552.3
The Permanent Crisis of Migrant Labor - Gender Differences in the Crisis Perception of Latin American Labor Migrants in Spain

Friday, 20 July 2018: 09:00
Location: 711 (MTCC SOUTH BUILDING)
Oral Presentation
Johanna NEUHAUSER, Institute for Migration Research and Intercultural Studies (IMIS), Germany
It is widely assumed that the working and living conditions of migrants from non-EU countries in Europe are particularly affected by economic fluctuations. Migrant workers who are primarily integrated into the lowest and hardest-hit segments of the labor market are often the first to lose their jobs.
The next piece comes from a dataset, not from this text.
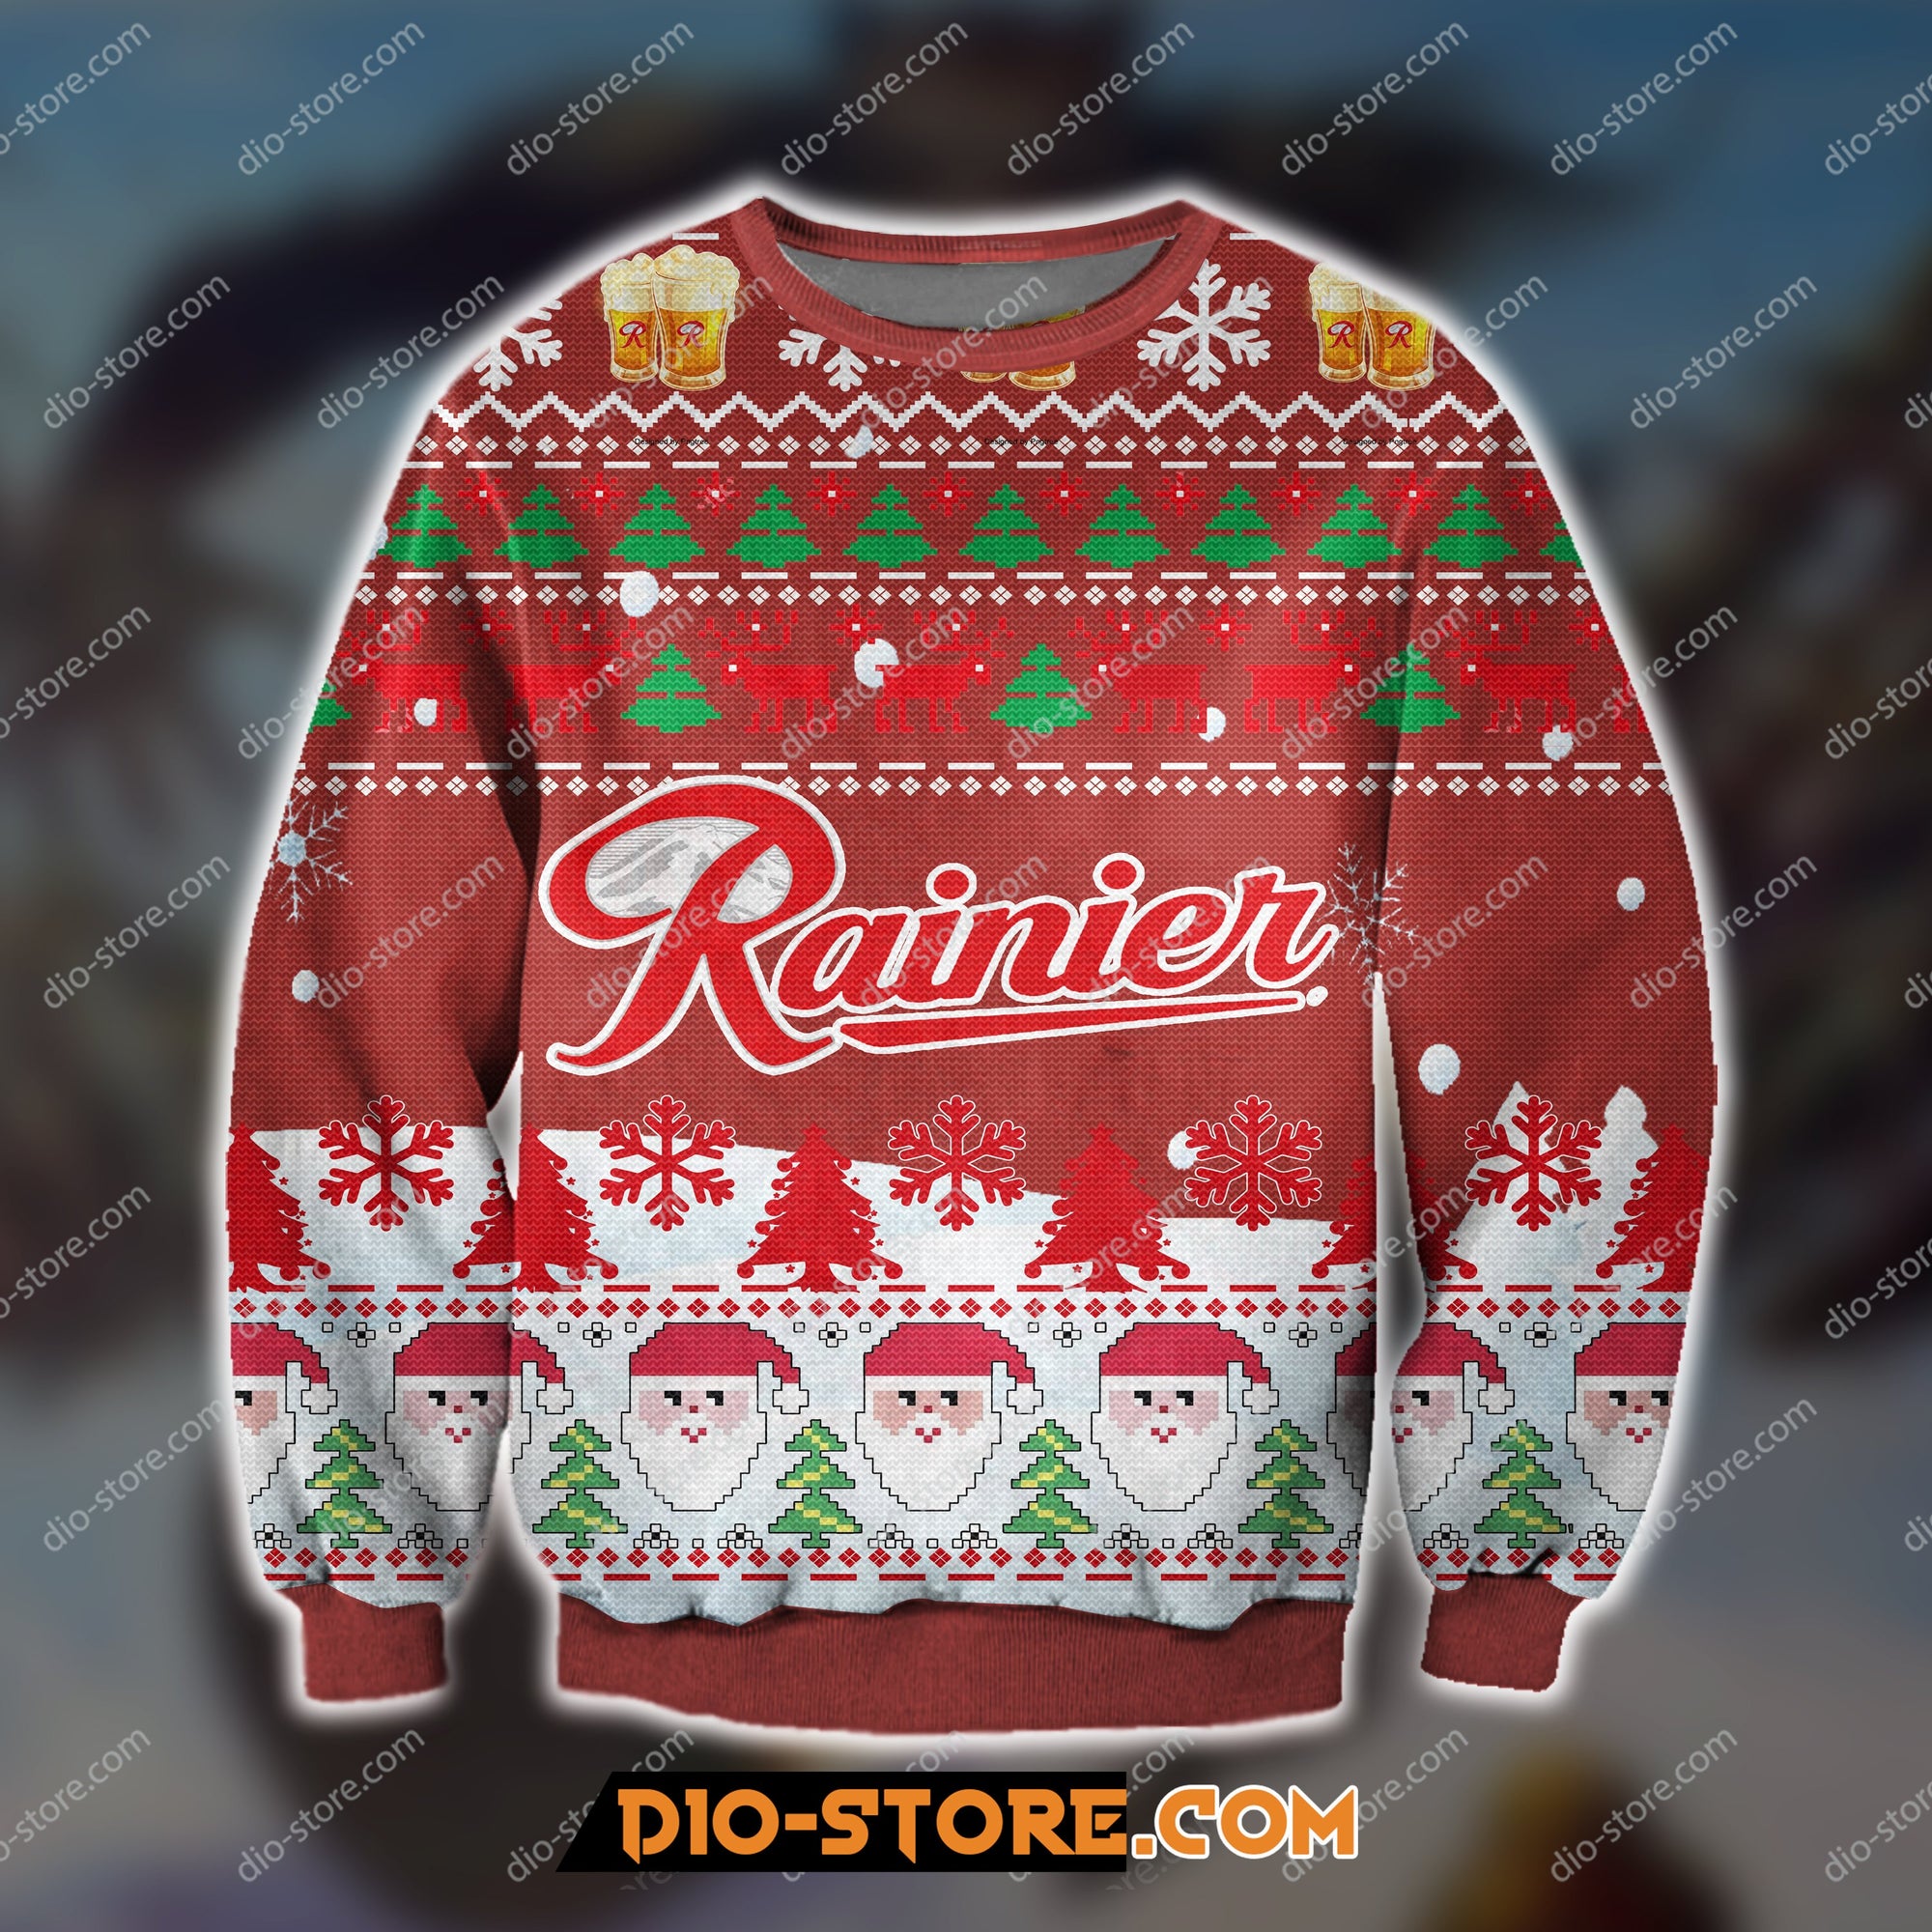 Rainier Beer Knitting Pattern 3D Print Ugly Sweatshirt Hoodie All Over Printed Cint10412

In this paper, the impact of the economic crisis on labor migration is investigated from the perspective of Latin American labor migrants in Spain. Thereby, I draw on the qualitative analysis of group discussions and individual interviews with labor migrants in the working areas in which a large proportion of migrants are employed in Spain, which is the construction sector, paid domestic labor, and the hospitality sector. These sectors are not only differently hit by the economic crisis, but also largely segregated by gender. Thus, data on the Spanish labor market reveals a significant gender unevenness in the impact of the economic crisis on labor migrants, as for example the unemployment caused by the crisis had a greater effect on male than on female migrant labor. In the interviews, these gender differences are reflected in the different perceptions of the crisis by migrant men and women. While the male interviewees in the construction sector emphasize the drastic change brought about by 2008, the female paid domestic workers consider precariousness as an essential characteristic and permanent condition of their labor. By drawing on approaches from Feminist Political Economy and Critical Migration Studies, the crisis perceptions of the interviewed migrants are related to the broader picture of the political economy of migrant labor in capitalism. I argue that by contrasting female and male migrants’ experiences, it becomes particularly visible that contemporary migrant realities are conditioned by a ‘permanent crisis’.